For example, as described in the post The Blagojevich Upside, the state of Illinois found that having books at home is highly correlated with better test scores even if the kids have not read them. So they decide the distribute books. In retrospect, we can easily find a common cause. Having the book in a home could be an indicator of how studious parents are, which will help with better scores. Sending books home, however, is unlikely to change anything.

You see correlation without a causality when there is a common cause that drives both readings. This is a common theme of the discussion. You can find a detailed discussion on causality from the talk “Challenges in Causality” by Isabelle Guyon.

Can we prove Causality?

Great, how can I show causality? Casualty is measured through randomized experiments (a.k.a. randomized trials or AB tests). A randomized experiment selects samples and randomly break them into two groups called the control and variation. Then we apply the cause (e.g. send a book home) to variation group and measure the effects (e.g. test scores). Finally, we measure the casualty by comparing the effect in control and variation groups. This is how medications are tested.

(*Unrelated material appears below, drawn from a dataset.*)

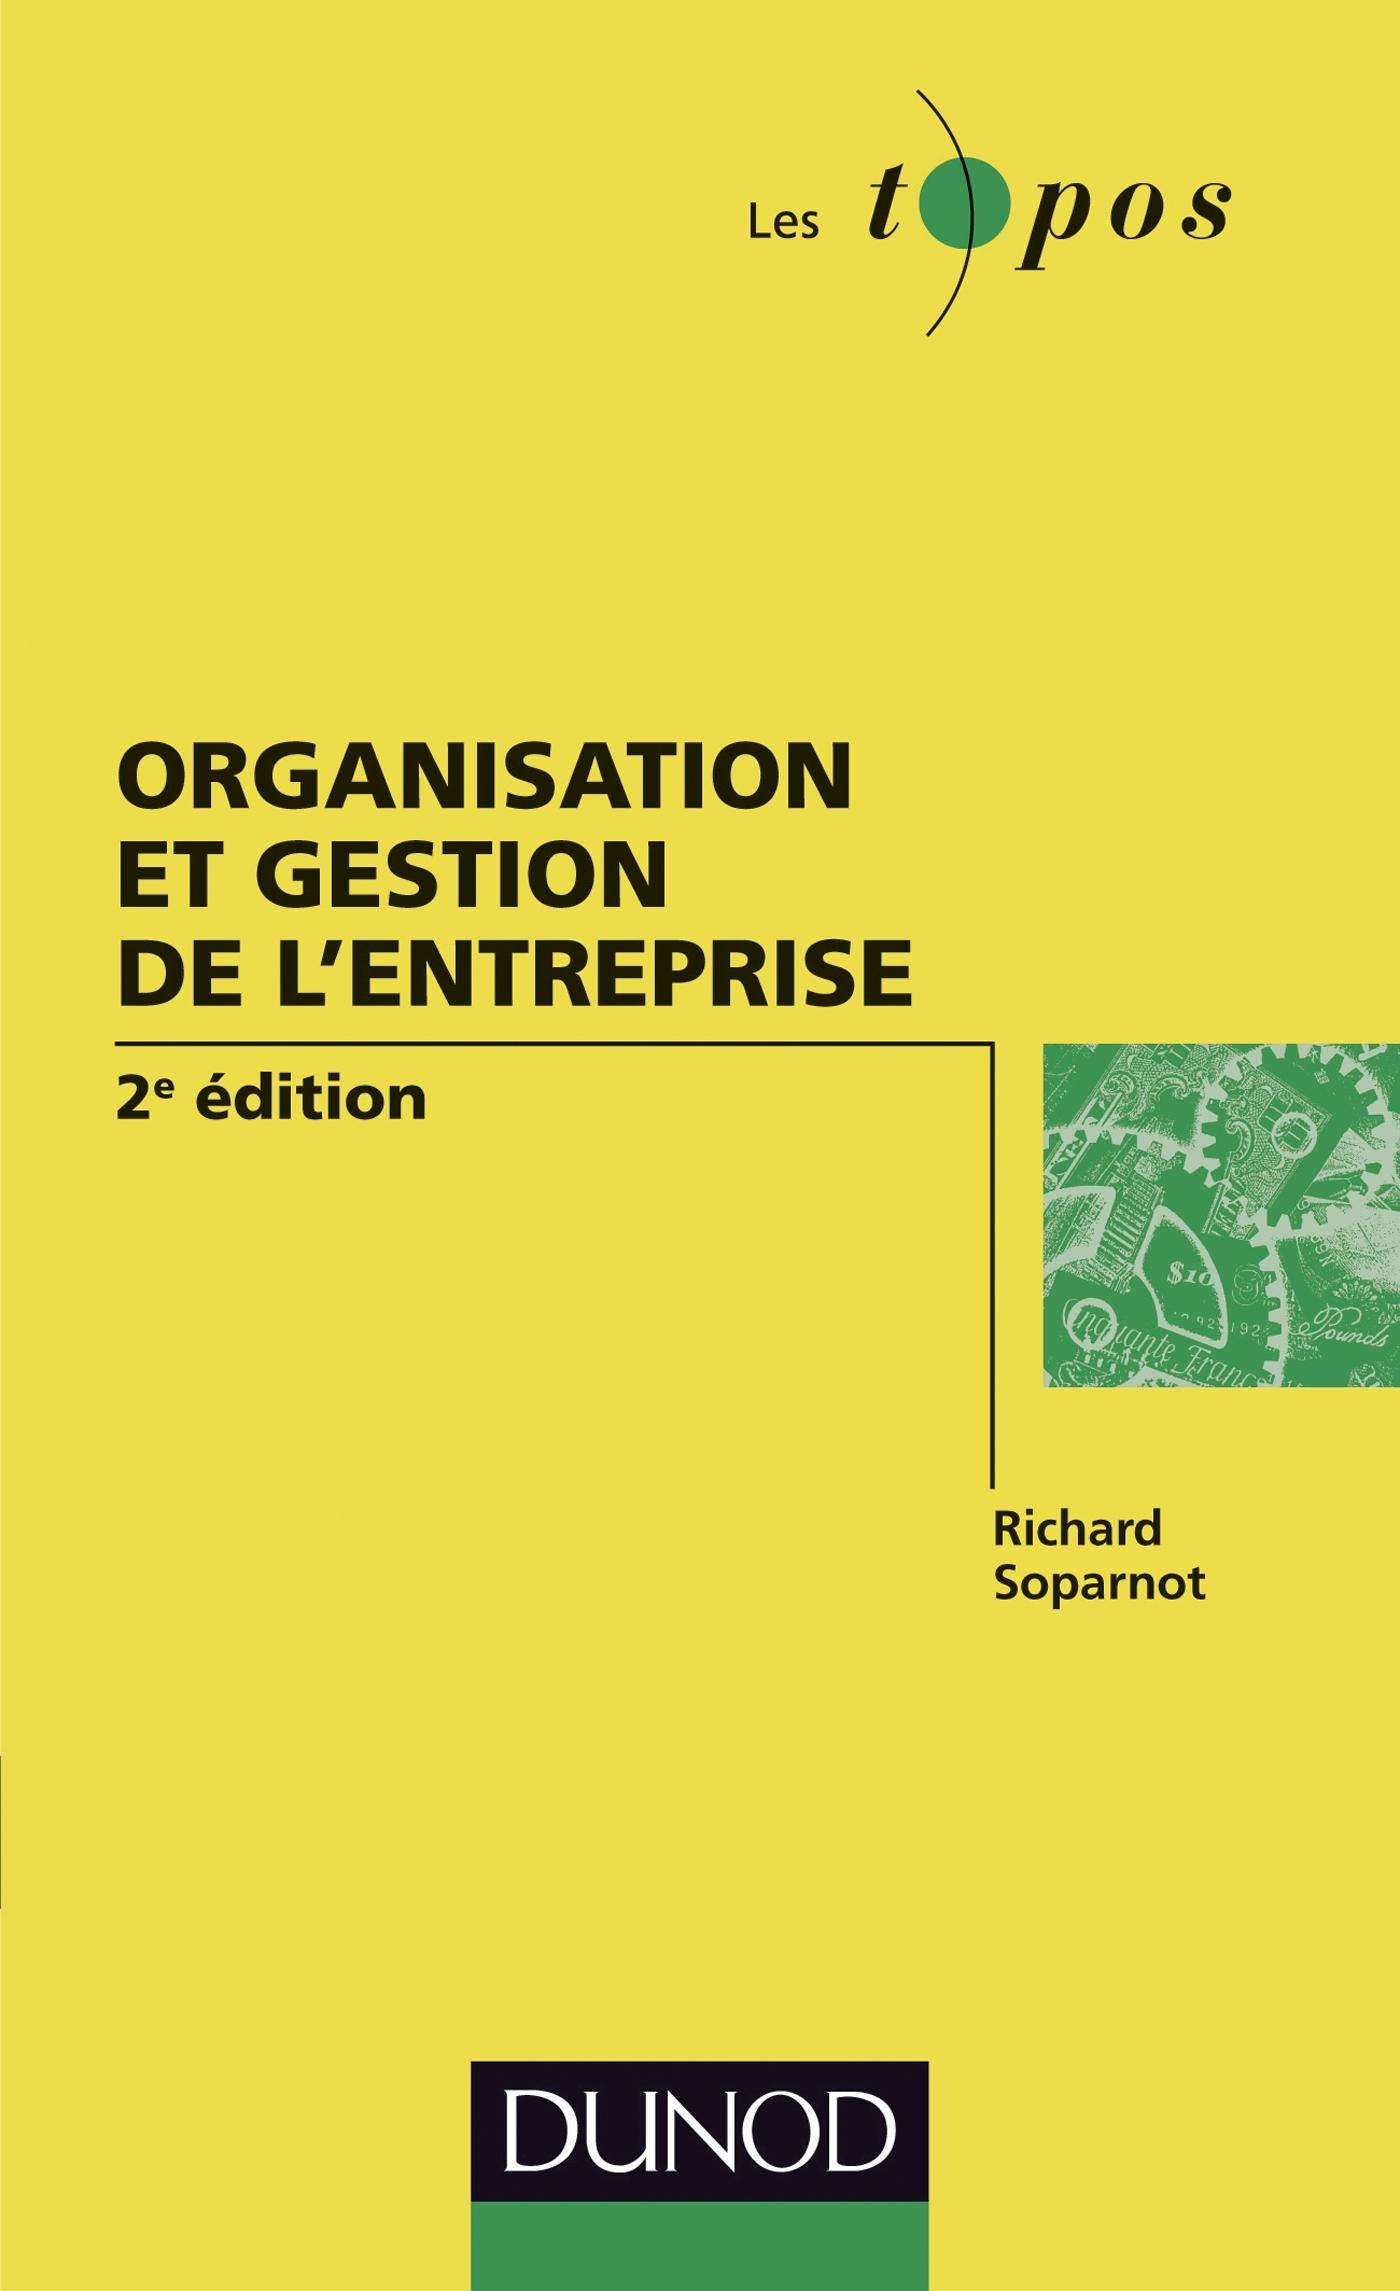 ORGANISATION ET GESTION DE L'ENTREPRISE - 2E EDITION

To be precise, if error bars for groups does not overlap for both the groups, then there is a causality. Check https://www.optimizely.com/ab-testing/ for more details.

However, that is not always practical. For example, if you want to prove that smoking causes cancer, you need to first select a population, place them randomly into two groups, make half of the smoke, and make sure other half does not smoke. Then wait for like 50 years and compare.

Did you see the catch? it is not good enough to compare smokers and non-smokers as there may be a common cause like the gene that cause them to do so. Do prove causality, you need to randomly pick people and ask some of them to smoke. Well, that is not ethical. So this experiment can never be done. Actually, this argument has been used before (e.g.https://en.wikipedia.org/wiki/A_Frank_Statement. )

This can get funnier. If you want to prove that greenhouse gasses cause global warming, you need to find another copy of earth, apply greenhouse gasses to one, and wait few hundred years!!

To summarize, Casualty, sometime, might be very hard to prove and you really need to differentiate between correlation and causality.

Following are examples when causality is needed.

  • Before punishing someone
  • Diagnosing a patient
  • Measure effectiveness of a new drug
  • Evaluate the effect of a new policy (e.g. new Tax)
  • To change a behavior

Big Data and Causality

Most big data datasets are observational data collected from the real world. Hence, there is no control group. Therefore, most of the time all you can only show and it is very hard to prove causality.

There are two reactions to this problem.

First, “Big data guys does not understand what they are doing. It is stupid to try to draw conclusions without randomized experiment”.

I find this view lazy.

Obviously, there are lots of interesting knowledge in observational data. If we can find a way to use them, that will let us use these techniques in many more applications. We need to figure out a way to use it and stop complaining. If current statistics does not know how to do it, we need to find a way.

Second is “forget causality! correlation is enough”.

I find this view blind.

Playing ostrich does not make the problem go away. This kind of crude generalizations make people do stupid things and can limit the adoption of Big Data technologies.

We need to find the middle ground!

When do we need Causality?

The answer depends on what are we going to do with the data. For example, if we are going to just recommend a product based on the data, chances are that correlation is enough. However, if we are taking a life changing decision or make a major policy decision, we might need causality.

Let us investigate both types of cases.

Correlation is enough when stakes are low, or we can later verify our decision. Following are few examples.

  1. When stakes are low ( e.g. marketing, recommendations) — when showing an advertisement or recommending a product to buy, one has more freedom to make an error.
  2. As a starting point for an investigation — correlation is never enough to prove someone is guilty, however, it can show us useful places to start digging.
  3. Sometimes, it is hard to know what things are connected, but easy verify the quality given a choice. For example, if you are trying to match candidates to a job or decide good dating pairs, correlation might be enough. In both these cases, given a pair, there are good ways to verify the fit.

There are other cases where causality is crucial. Following are few examples.

  1. Find a cause for disease
  2. Policy decisions ( would 15$ minimum wage be better? would free health care is better?)
  3. When stakes are too high ( Shutting down a company, passing a verdict in court, sending a book to each kid in the state)
  4. When we are acting on the decision ( firing an employee)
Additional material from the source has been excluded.